1757, Kingdom of Naples, Charles III of Spain. Copper Grano (12 Cavalli) Coin.
Condition: VF+ Mint Year: 1757 Mint Place: Naples Ruler: Charles III of Spain Reference: Gig. 55, KM-. Rare! Denomination: Grano (12 Cavalli = 2 Tornesi) Material: Copper Diameter: 22mm Weight: 3.19gm
Obverse: Armored and draped bust of Charles III of Spain (as Charles VII of Naples) right. Legend: CAR . D . G . UTR . SIC . ET HIER REX . Exergue: I.A.
Reverse: Insicription (HILA/RI/TAS) within baroque frame, splitting mint master´s initials (M.-M.). Date (1757) below.
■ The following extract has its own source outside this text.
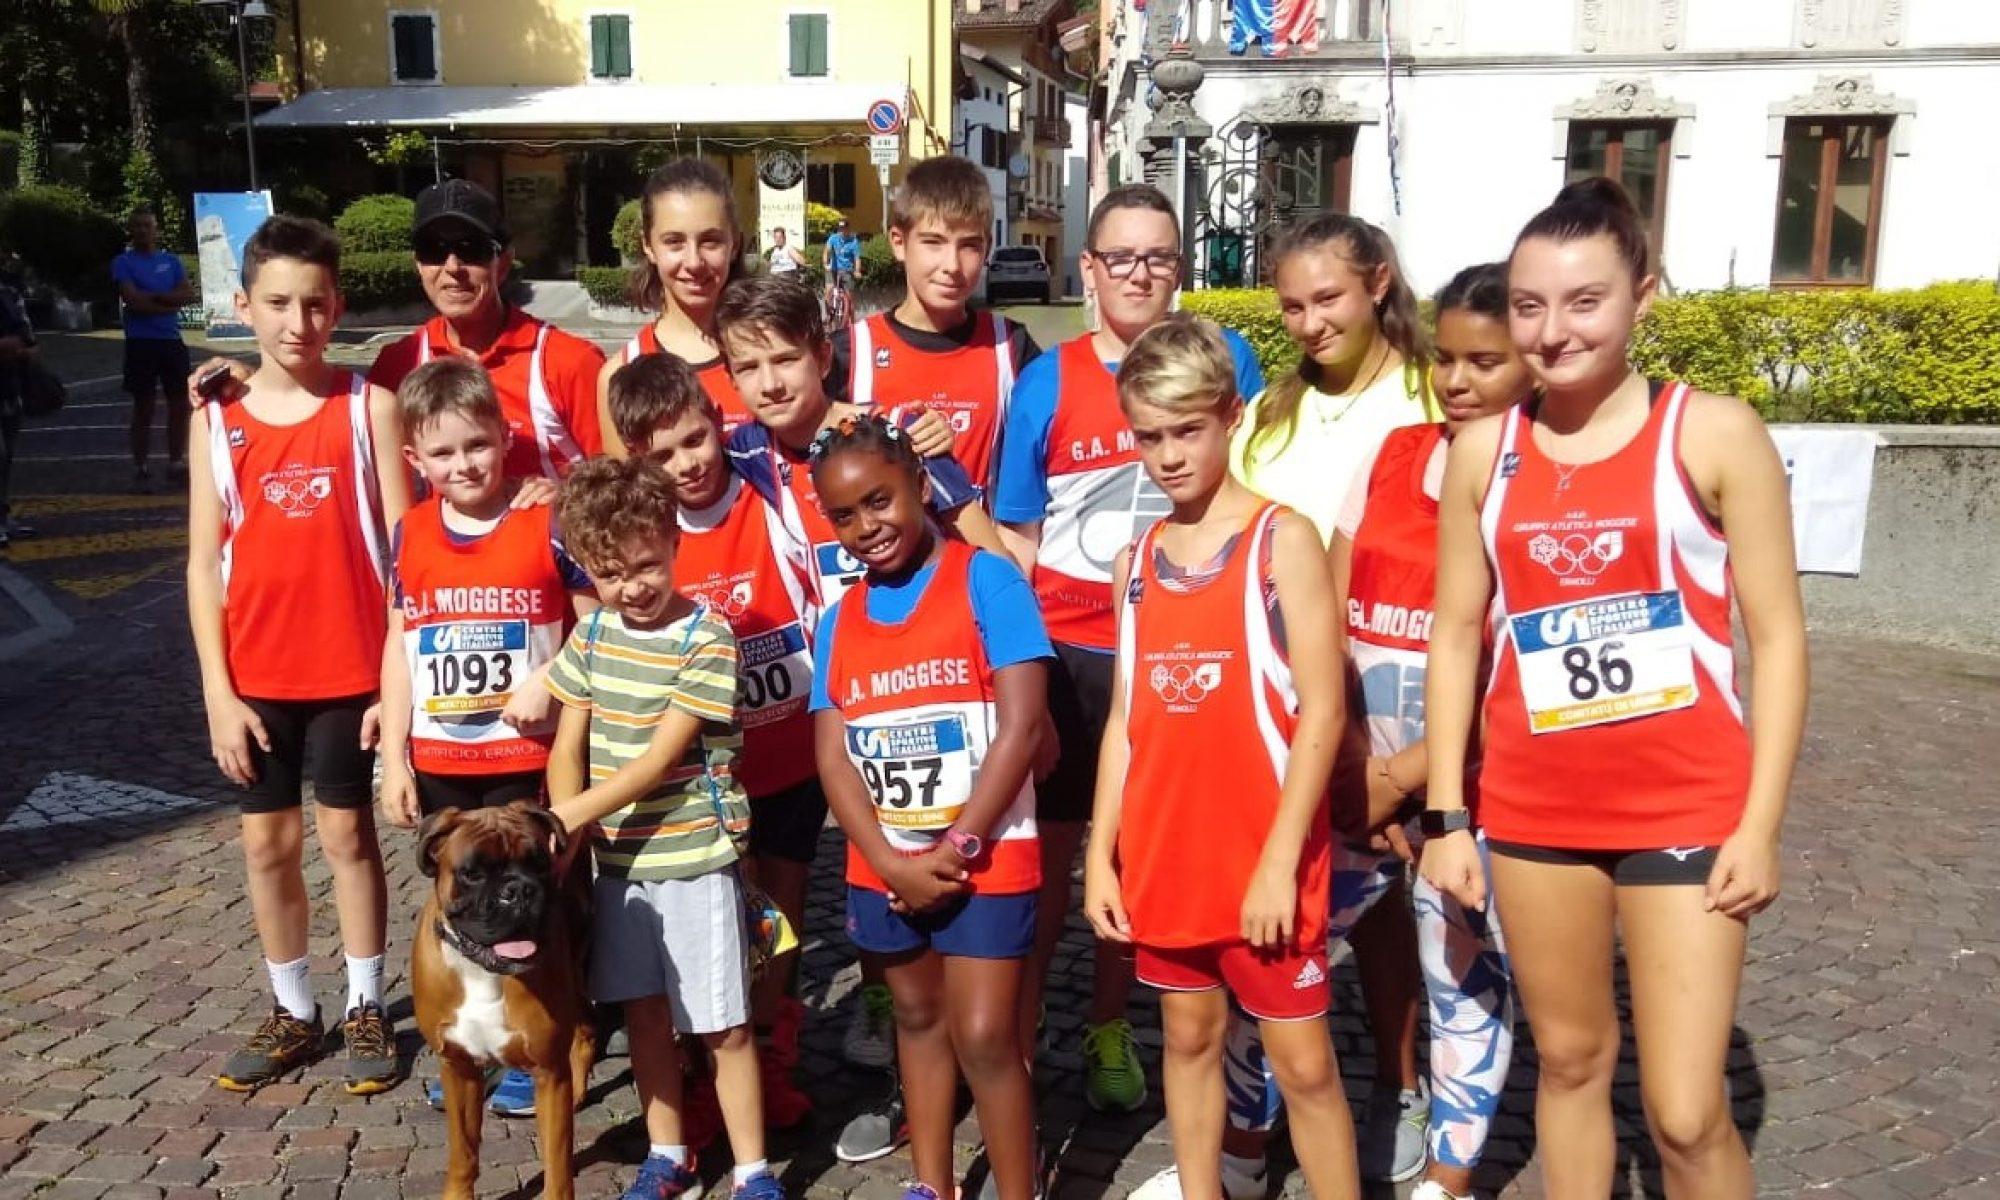 Gruppo Atletica Moggese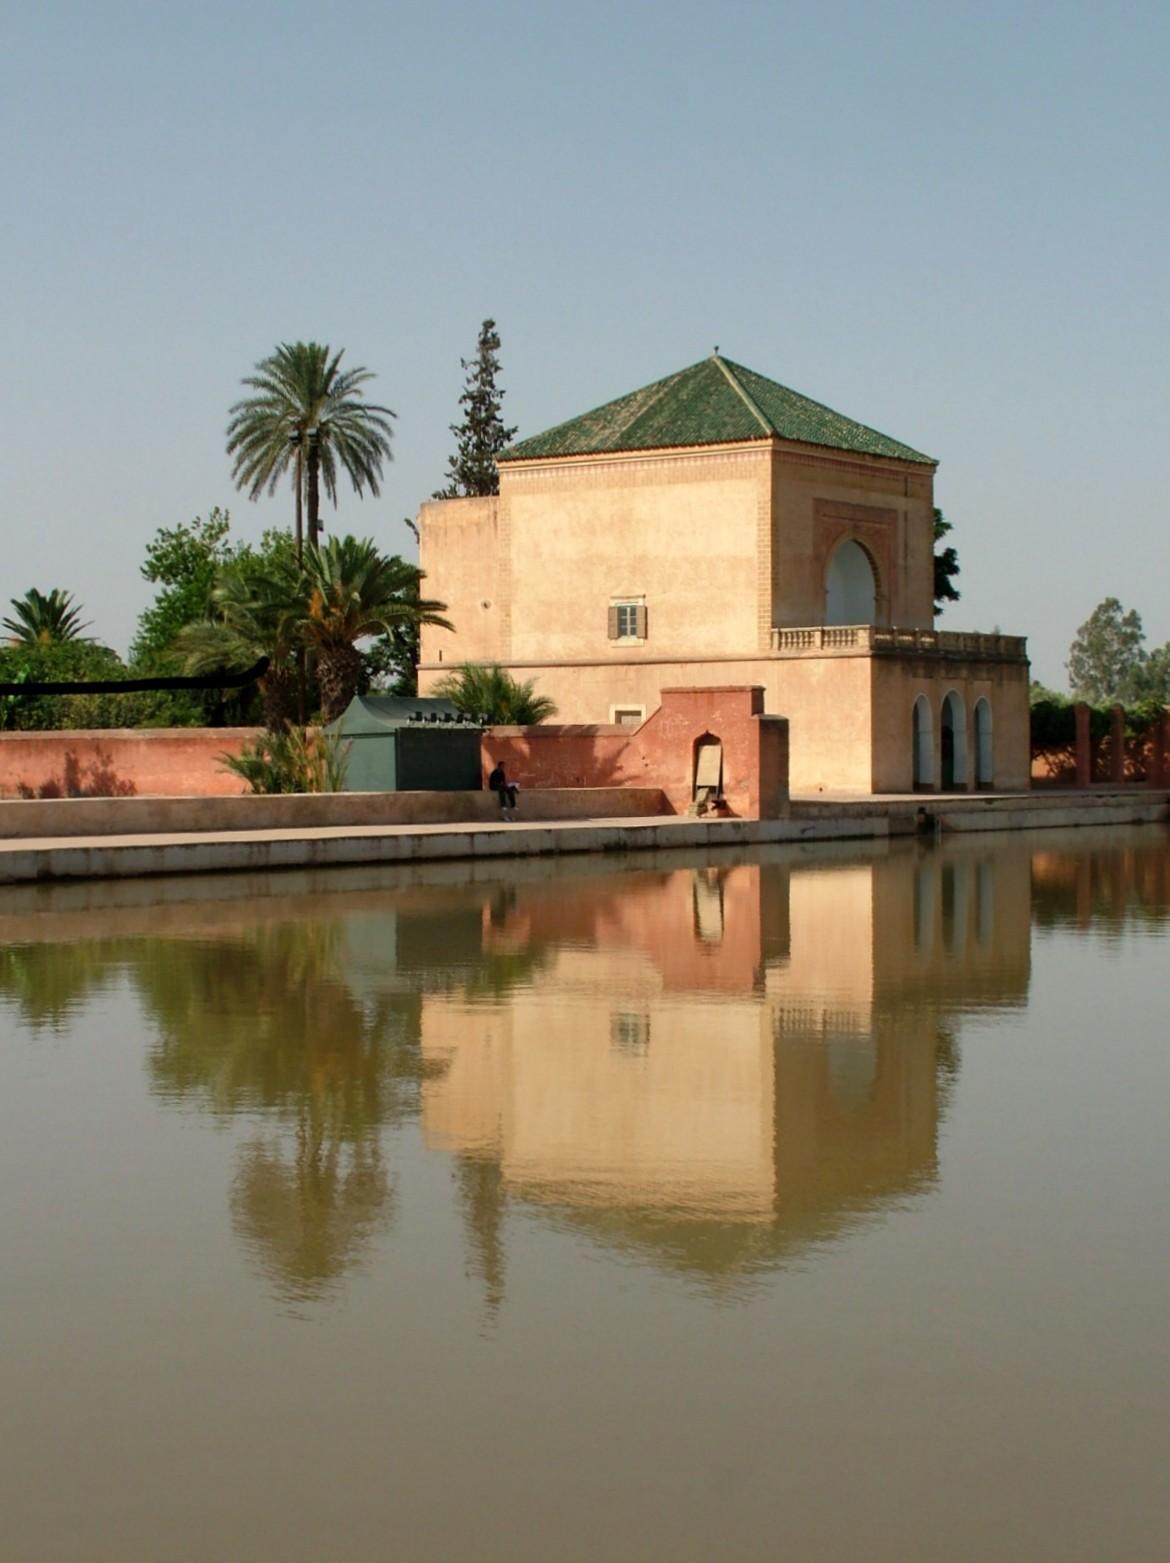 Menara Garden Morocco Marrakech

Charles III (Spanish: Carlos III; Italian: Carlo III; 20 January 1716 – 14 December 1788) was the King of Spain and the Spanish Indies from 1759 to 1788. He was the eldest son of Philip V of Spain and his second wife, the Princess Elisabeth Farnese. In 1731, the fifteen-year-old Charles became the Duke of Parma and Piacenza, as Charles I, at the death of his childless great uncle Antonio Farnese, Duke of Parma.
In 1734, as the Duke of Parma, he conquered the kingdoms of Naples and of Sicily, and was crowned as the King of Naples and Sicily on 3 July 1735, reigning as Charles VII of Naples and Charles V of Sicily. In 1738 he married the Princess Maria Amalia of Saxony, an educated, cultured woman who gave birth to thirteen children, eight of whom reached adulthood. Charles and Maria Amalia resided in Naples for nineteen years; she died in 1760.
Upon succeeding to the Spanish throne on 10 August 1759, Charles, a proponent of enlightened absolutism, on 6 October 1759 abdicated the Neapolitan and Sicilian thrones in favour of Ferdinand, his third surviving son, who became Ferdinand I of the Two Sicilies, or Ferdinand IV of Naples and III of Sicily. Charles III's descendants ruled the Kingdom of the Two Sicilies until 1861.
As king of Spain Charles III tried to rescue his empire from decay through far-reaching reforms such as weakening the Church and its monasteries, promoting science and university research, facilitating trade and commerce, modernizing agriculture and avoiding wars. He never achieved satisfactory control over finances, and was obliged to borrow to meet expenses. His reforms proved short-lived and Spain relapsed after his death.